Los realistas parecían muy entretenidos con sus chanzas y a la zona por donde Burel tenía que cruzar apenas llegaba el resplandor de los faroles de la Chancillería. El mayor problema era el centinela de la puerta del edificio que albergaba el alto tribunal donde se impartía la justicia del rey. Se desplazó sin apartarse de la pared, hasta quedar frente a la iglesia de San Gil. Si lograba cruzar sin ser descubierto, se alejaría sin mayores problemas de aquellos bellacos que no paraban de beber y reír.

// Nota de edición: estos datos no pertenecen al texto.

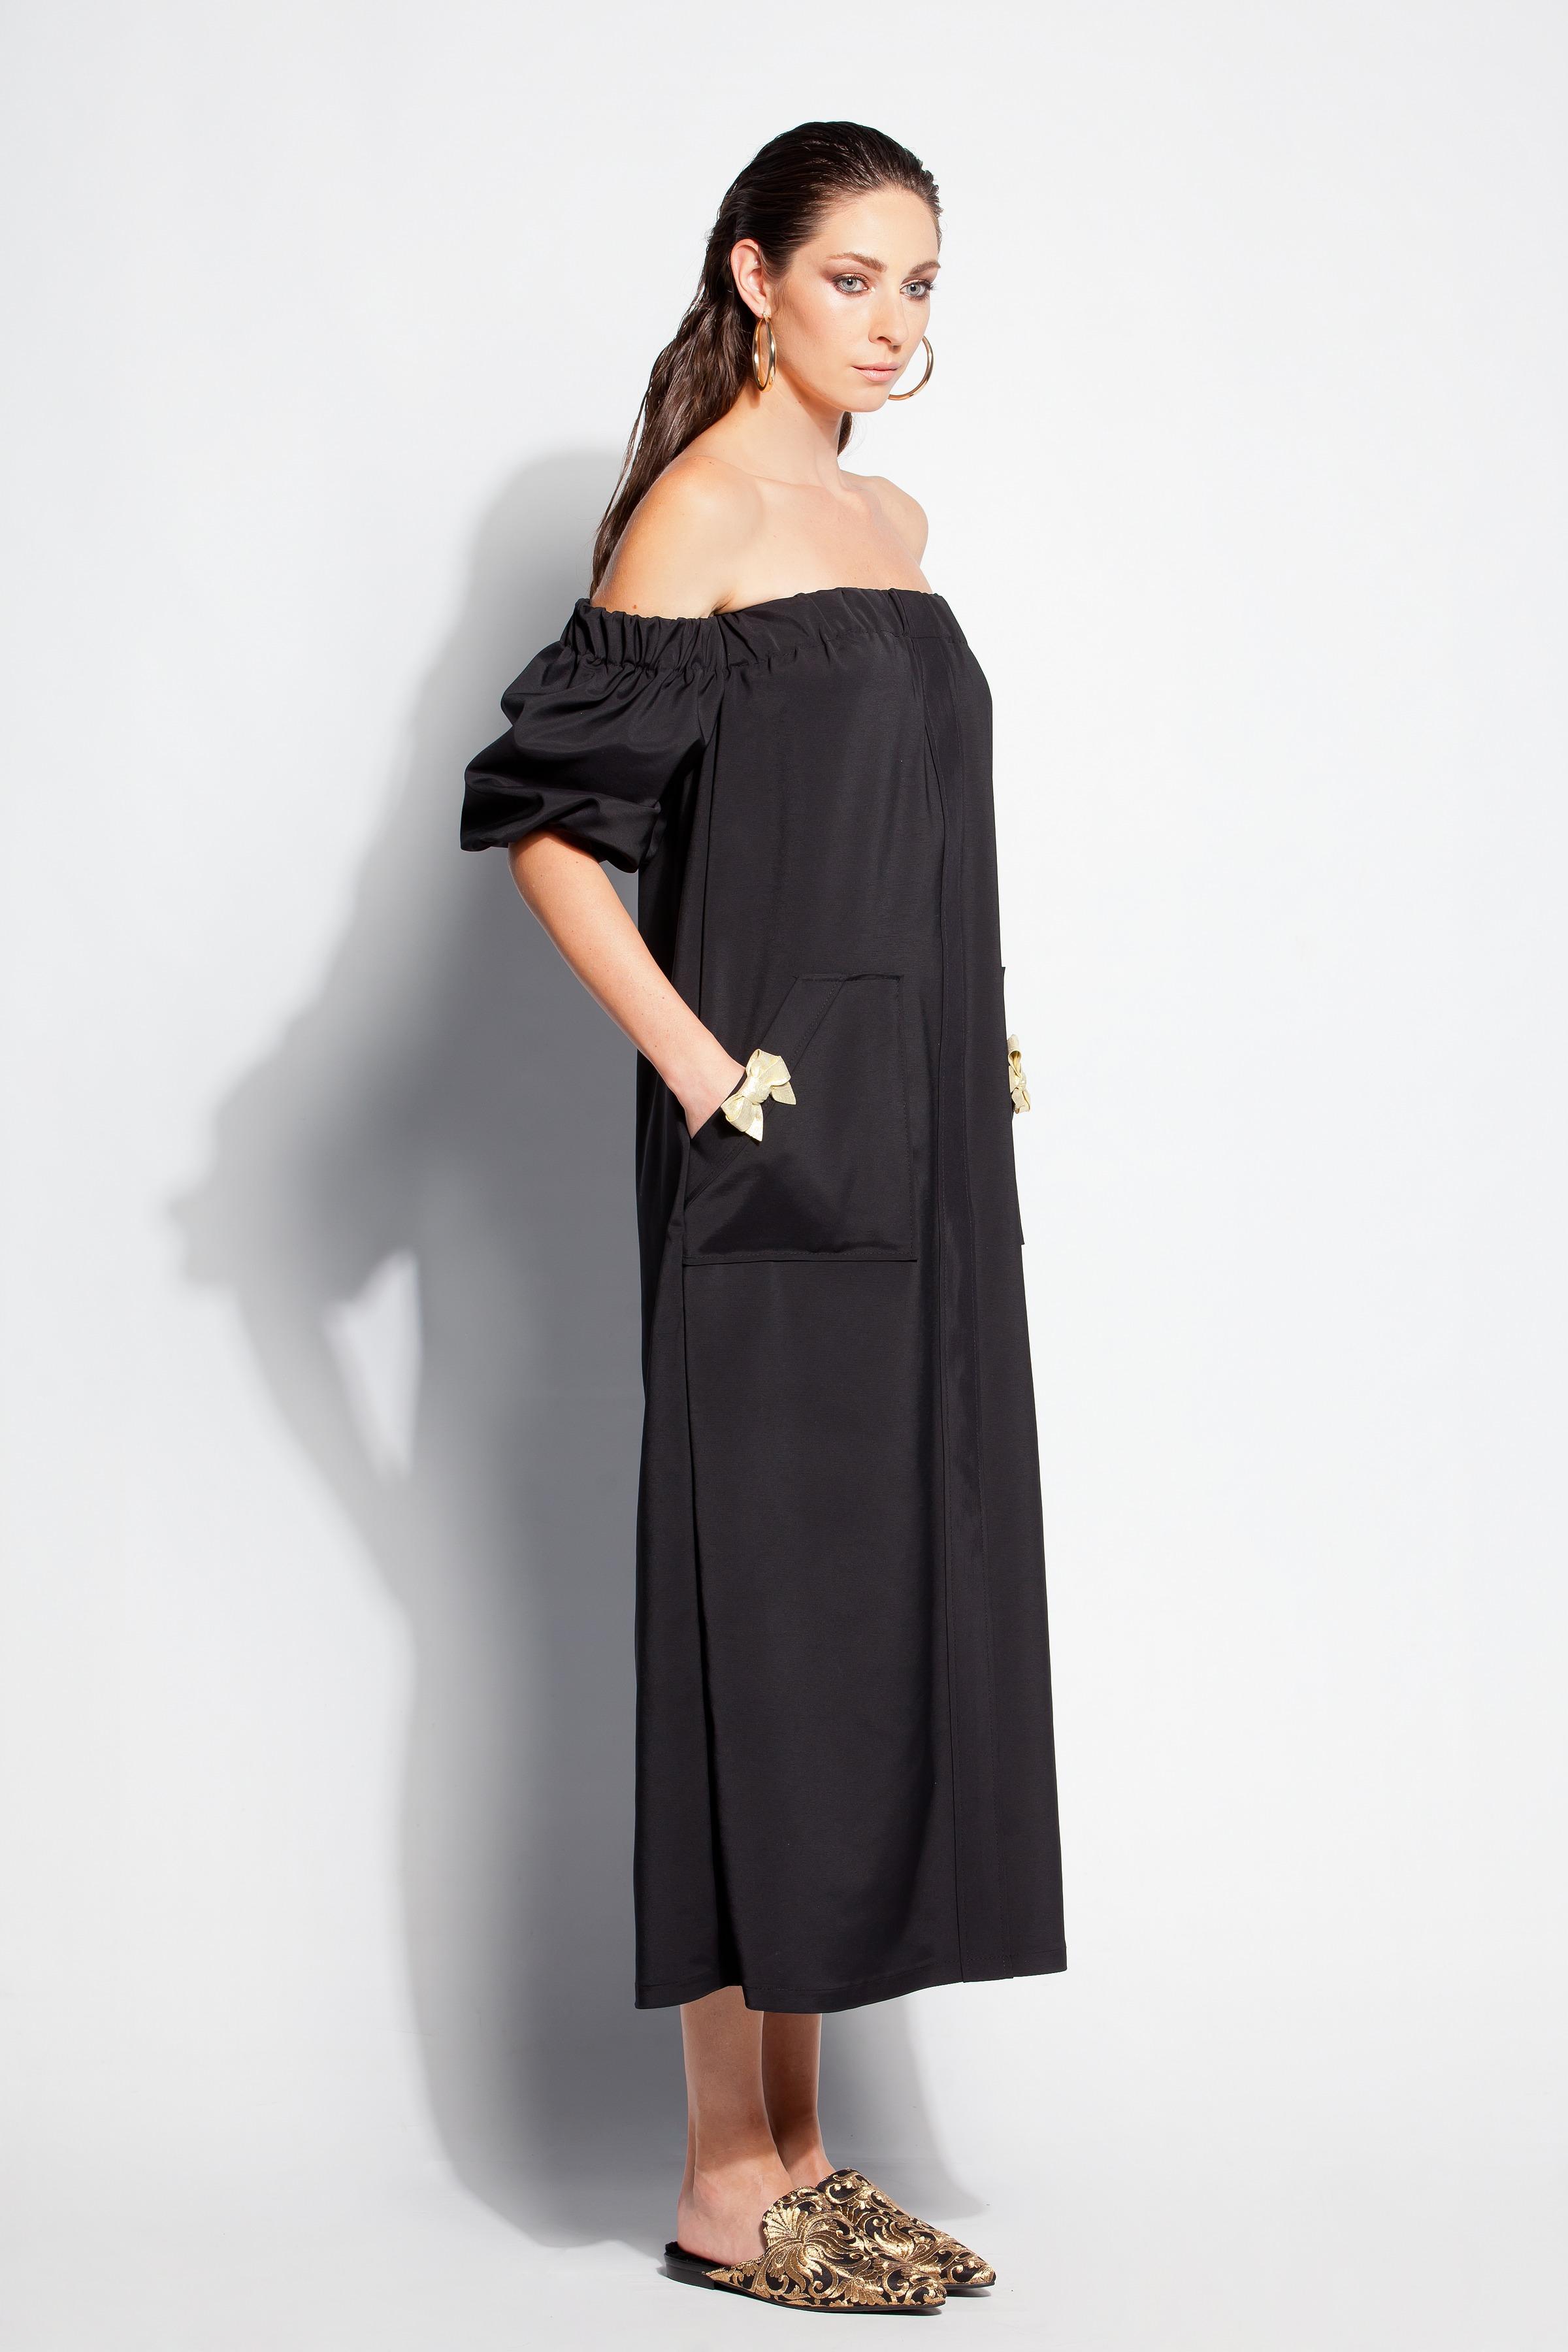 Cherry Blossoms Dresses   Black dress/ Summer dress/ Dress/ Dressing ...

Fue entonces cuando ocurrió el incidente.

Sin darse cuenta, pisó el rabo de un perro que dormitaba, protegido por los salientes de una portada labrada en piedra, y el animal soltó un quejido lastimero. Burel echó a correr, seguido por los ladridos que el perro lanzaba ahora con furia canina. El centinela fue el primero en percatarse de que algo extraño ocurría.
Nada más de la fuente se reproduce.